*** WORKING DATA ***

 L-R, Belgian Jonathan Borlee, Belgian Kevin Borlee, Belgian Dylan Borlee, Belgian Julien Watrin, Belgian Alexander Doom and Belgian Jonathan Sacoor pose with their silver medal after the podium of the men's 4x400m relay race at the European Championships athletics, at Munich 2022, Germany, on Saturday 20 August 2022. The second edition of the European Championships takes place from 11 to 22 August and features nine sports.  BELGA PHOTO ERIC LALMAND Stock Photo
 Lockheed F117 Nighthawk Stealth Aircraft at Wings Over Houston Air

*** End of WORKING DATA ***
*** WORKING DATA ***

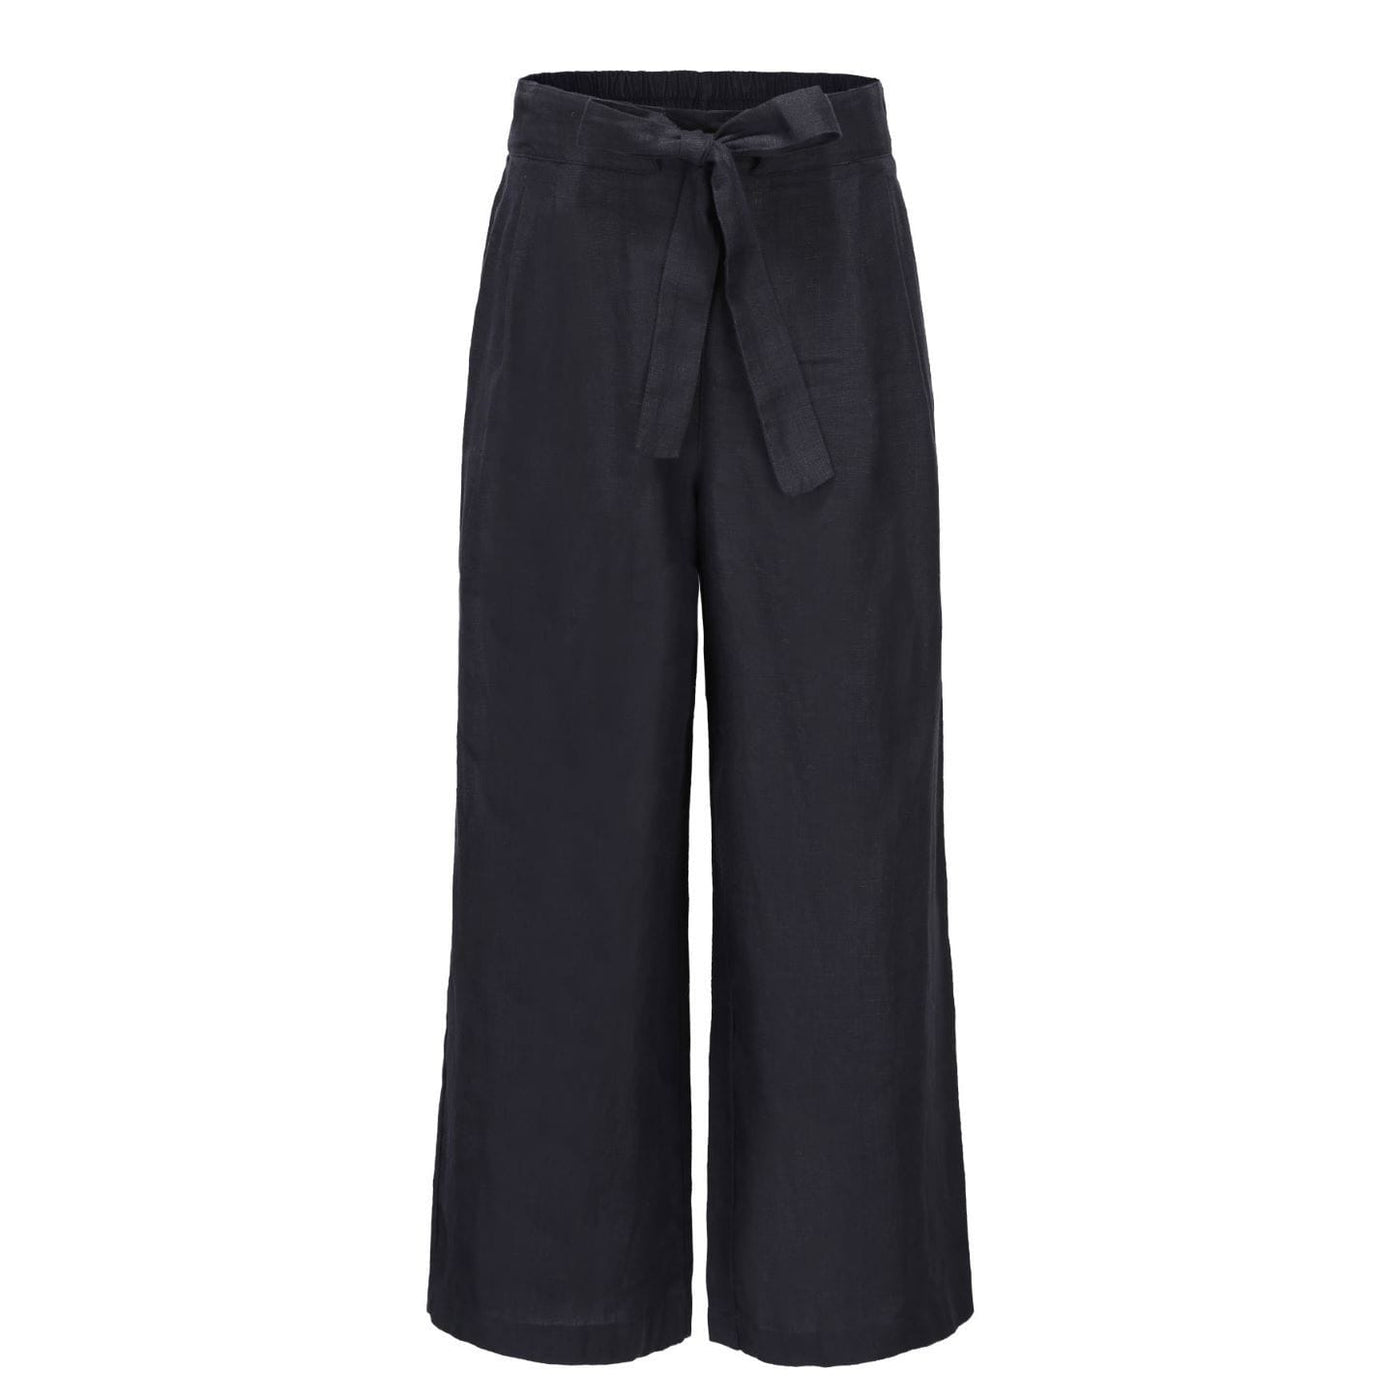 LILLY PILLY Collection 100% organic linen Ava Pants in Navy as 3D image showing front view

*** End of WORKING DATA ***

#### WHAT YOU HAVE TO DO
From the line holding "L-R, Belgian Jonathan" to the line holding "Lockheed F117 Nighthawk", inclusive, restate each line above exactly as written.

#### TASK OUTPUT
 L-R, Belgian Jonathan Borlee, Belgian Kevin Borlee, Belgian Dylan Borlee, Belgian Julien Watrin, Belgian Alexander Doom and Belgian Jonathan Sacoor pose with their silver medal after the podium of the men's 4x400m relay race at the European Championships athletics, at Munich 2022, Germany, on Saturday 20 August 2022. The second edition of the European Championships takes place from 11 to 22 August and features nine sports.  BELGA PHOTO ERIC LALMAND Stock Photo
 Lockheed F117 Nighthawk Stealth Aircraft at Wings Over Houston Air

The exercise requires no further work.